Even At 1000 AU, the 1000 solar mass black hole would have more gravitational force on pluto, than the sun itself does, if the black hole approached from the pluto side of the solar system! Pluto ~30-50AU depending on the timing of the flyby. Mass = 1000 solar. So sqrt 1000 < 32. Which means that even if the black hole were 1000 AU from the sun, it would still have stronger gravity on anything which was 32 AU away from the sun (which means it would capture pluto and all the dwarf planets/comets, etc). Even at that distance it would seriously perturb planetary and lunar orbits, and any closer it would start to wreck havoc on the inner solar system.


You can do the math yourself and see. Gravitational acceleration is proportional to mass and inversely proportional to distance squared. If A 1000 solar mass black hole passes anywhere even remotely near the solar system, its gravity WILL destroy the solar system, whether or not it sucks it into the event horizon.
Ashibayai
3.5 / 5 (2) Jan 09, 2008
^Definitely a point that needed to be mentioned.

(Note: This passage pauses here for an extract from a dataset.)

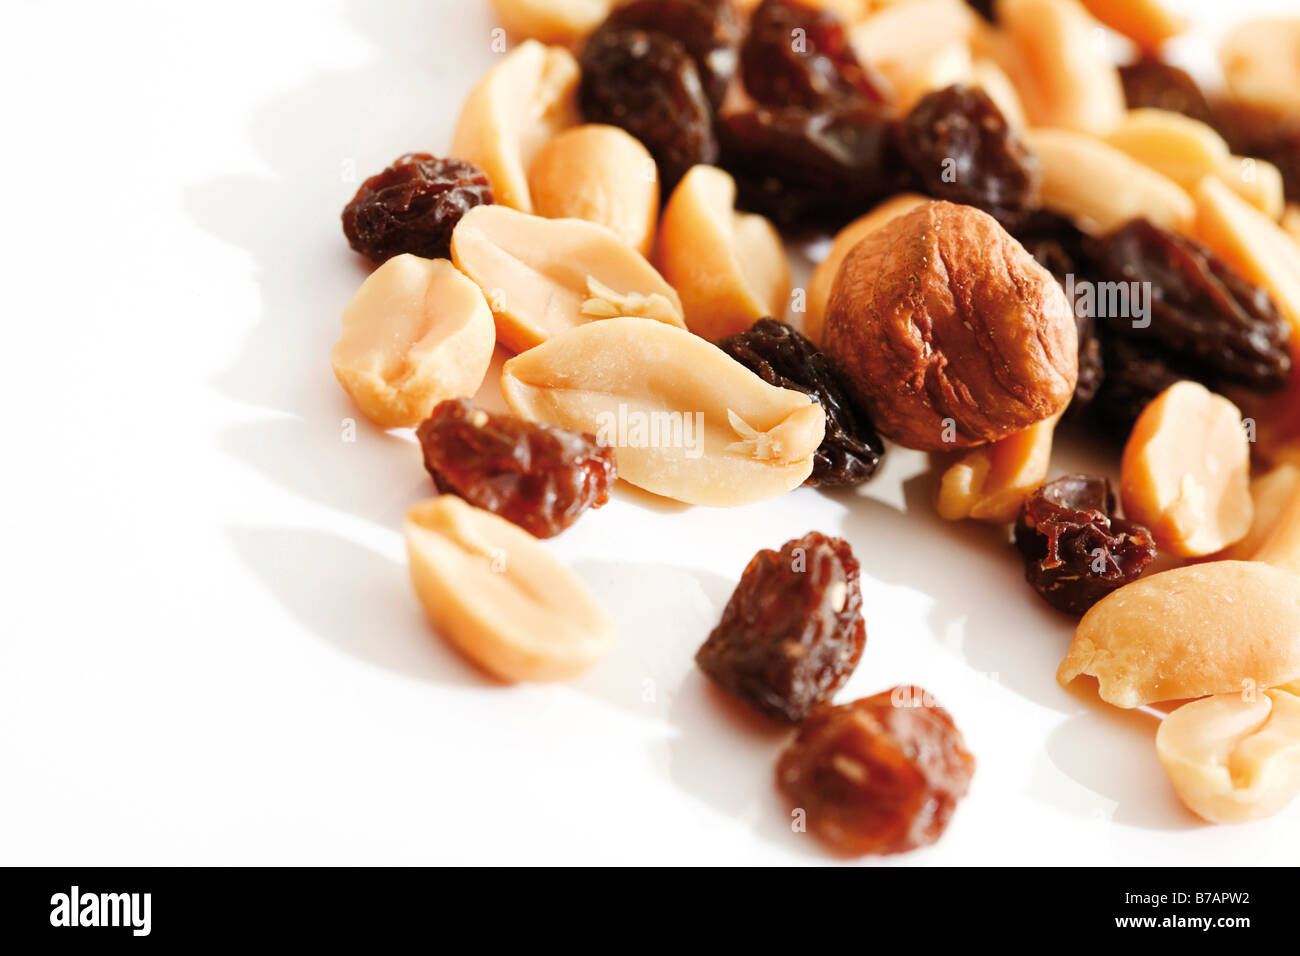 Trail mix, various nuts with raisins Stock Photo

Sounds like the black holes can achieve velocities great enough to escape entire galaxies. Maybe an explanation for dark matter?
flubber
1 / 5 (4) Jan 09, 2008
assumeassumeassumeassumeassumeassumeassumeassume
assume.
fredrick
2.7 / 5 (3) Jan 09, 2008
tardtardtardtardtardtardtardtardtardtardtardtardtardtardtard

%u201CThese rogue black holes are extremely unlikely to do any damage to us in the lifetime of the universe,%u201D Holley-Bockelmann stresses. %u201CTheir danger zone, the Schwarzschild radius, is really tiny, only a few hundred kilometers. There are far more dangerous things in our neighborhood!%u201D


Exactly as QC said, the gravitational attraction of a black hole doesn't just suddenly stop at the Schwartzchild Radius; heck, if anything the accretion disk is also a 'danger zone', and that extends much further out than the Schwartzchild Radius, and there is still powerful gravitation much, much further out than that... what an odd thing to have said... However, one can still perhaps agree that it is unlikely they will cause us any serious damage any time soon, at least compared to nearby asteroids.

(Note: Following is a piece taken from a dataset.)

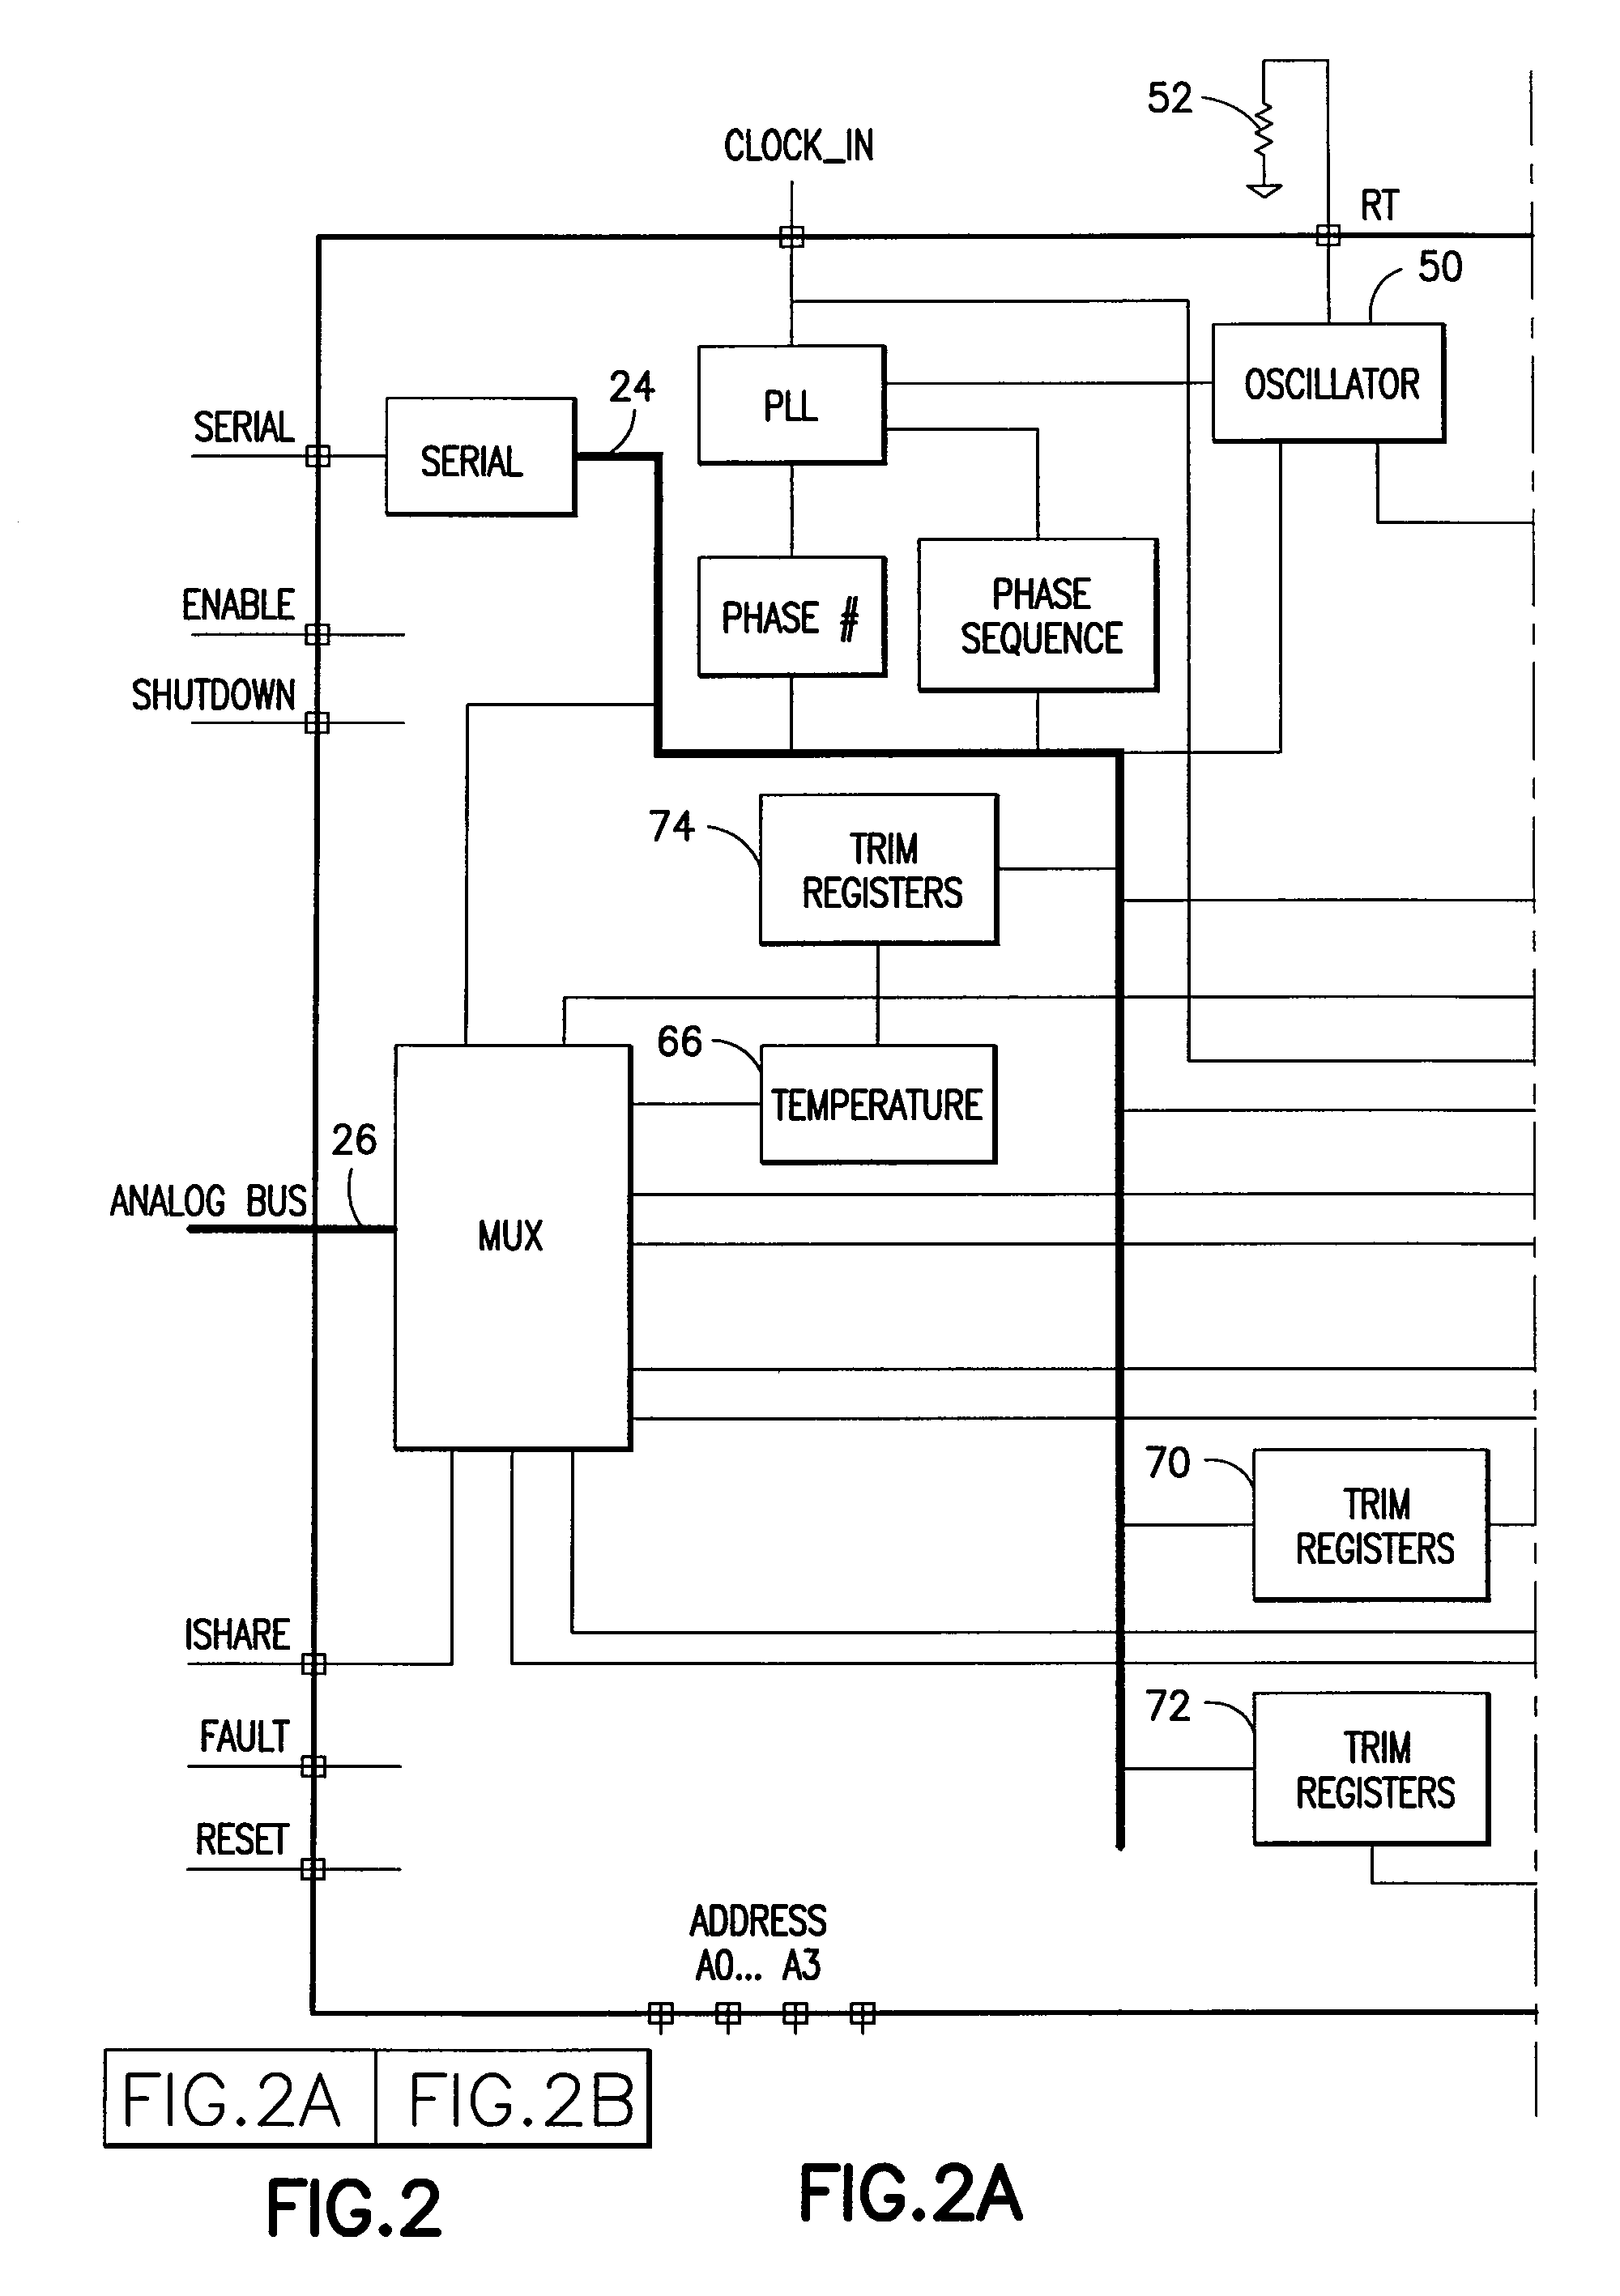 POL system architecture with analog bus

Or maybe he was trying really hard not to sound alarmist. Thats something which people today seem quite fond of calling others.
KB6
4 / 5 (2) Jan 10, 2008
I third what QC said.
I've done enough gravity simulations to know that if something with 1000 solar masses passes near the solar system you're going to notice it in a really bad way.
gopher65
4 / 5 (3) Jan 10, 2008
Lessee... 100 to 150 intermediate black holes, OUTSIDE OF OUR GALAXY in the galactic halo, flying around at significant speed. By my estimate one of these 100 black holes would have to come well within 1 light year of Earth to have even the slightest direct effect on us.

Again, keep in mind that these are Halo objects, not things within our galaxy. Also keep in mind that they can be fired in any direction, and that they have escape velocity from our galaxy. That means that even if they should happen to be fired in the direction of our galactic disc they would only make one pass through, quite probably not interacting with any stars along the way, and then whoosh on out the other side. Every one of these black holes probably got booted out of our halo billions of years ago and are long gone by now.

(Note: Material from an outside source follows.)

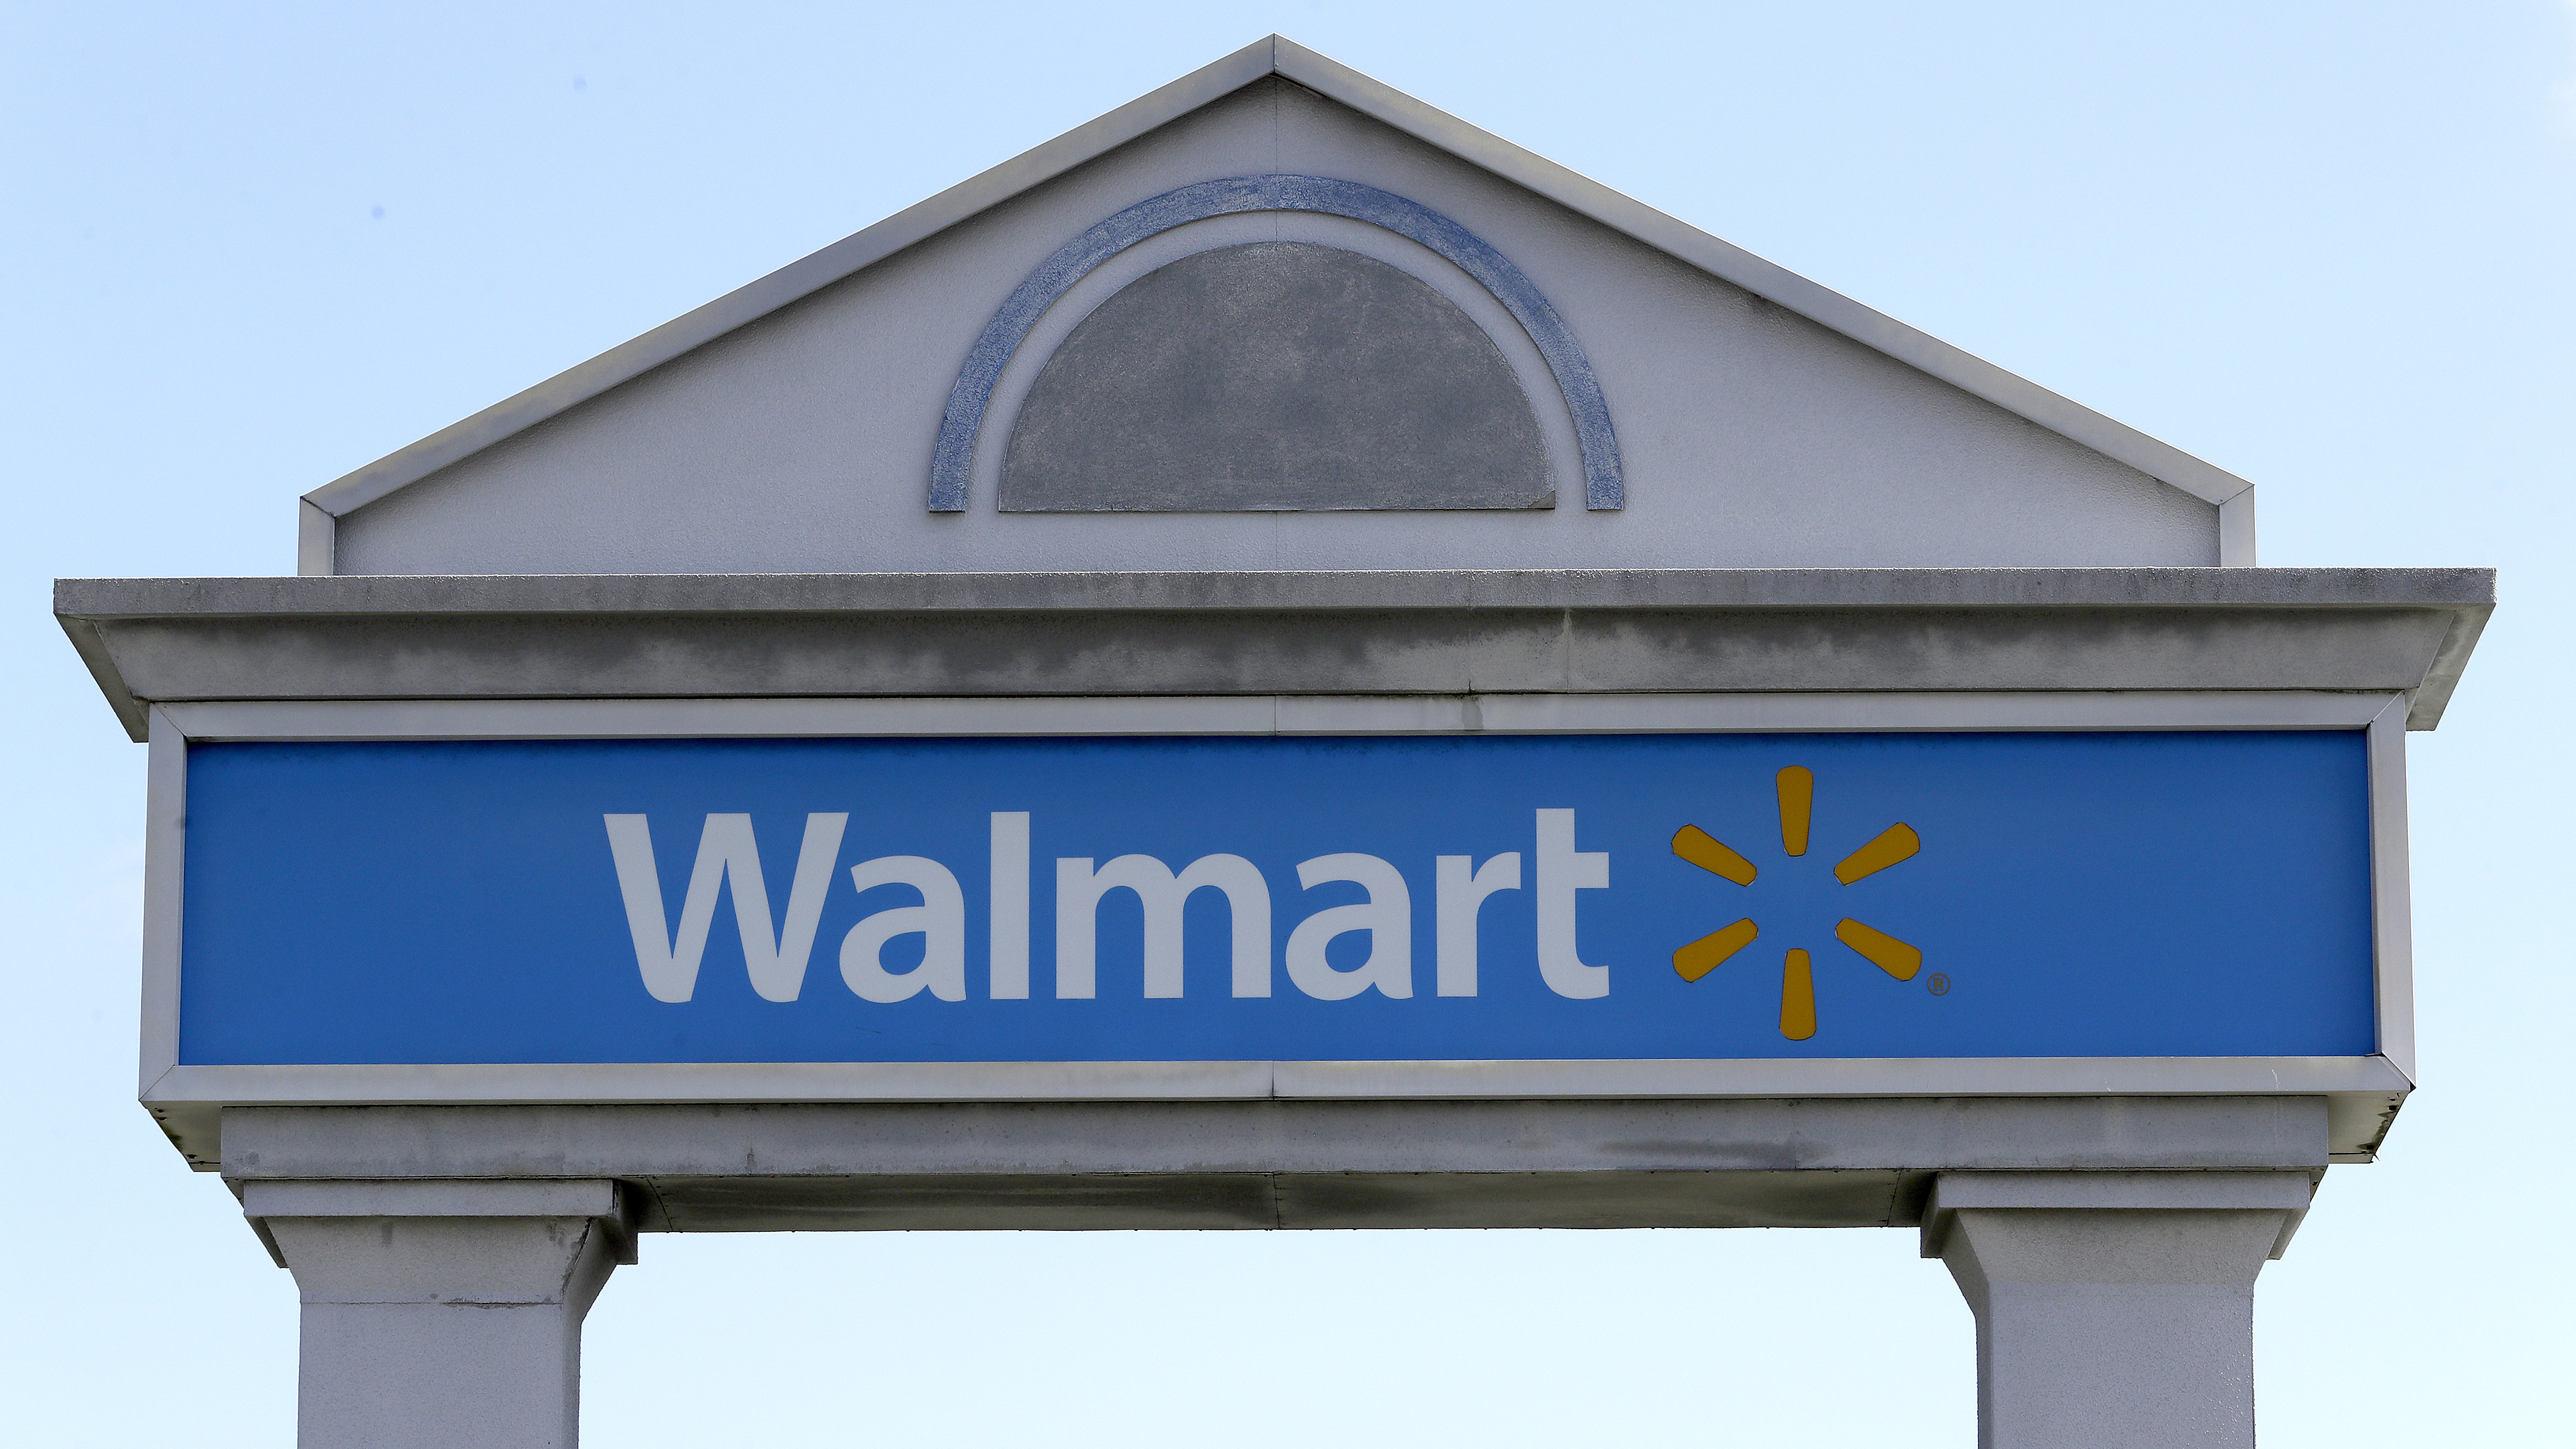 New Walmart program to turn college grads to managers, promises $200K salary

This article isn't alarmist, it is interesting. But I've seen articles on this same story on other sites that say "EARTH COULD BE SWALLOWED BY ROGUE BLACK HOLES AT ANY MOMENT SAY SCIENTISTS!!!111one11!!"

If that isn't alarmist, I don't know what is.
Ashibayai
not rated yet Jan 11, 2008
Well the chances of it being swallowed are extremely low from what we know, but the chances of our solar system being tampered with? Who knows?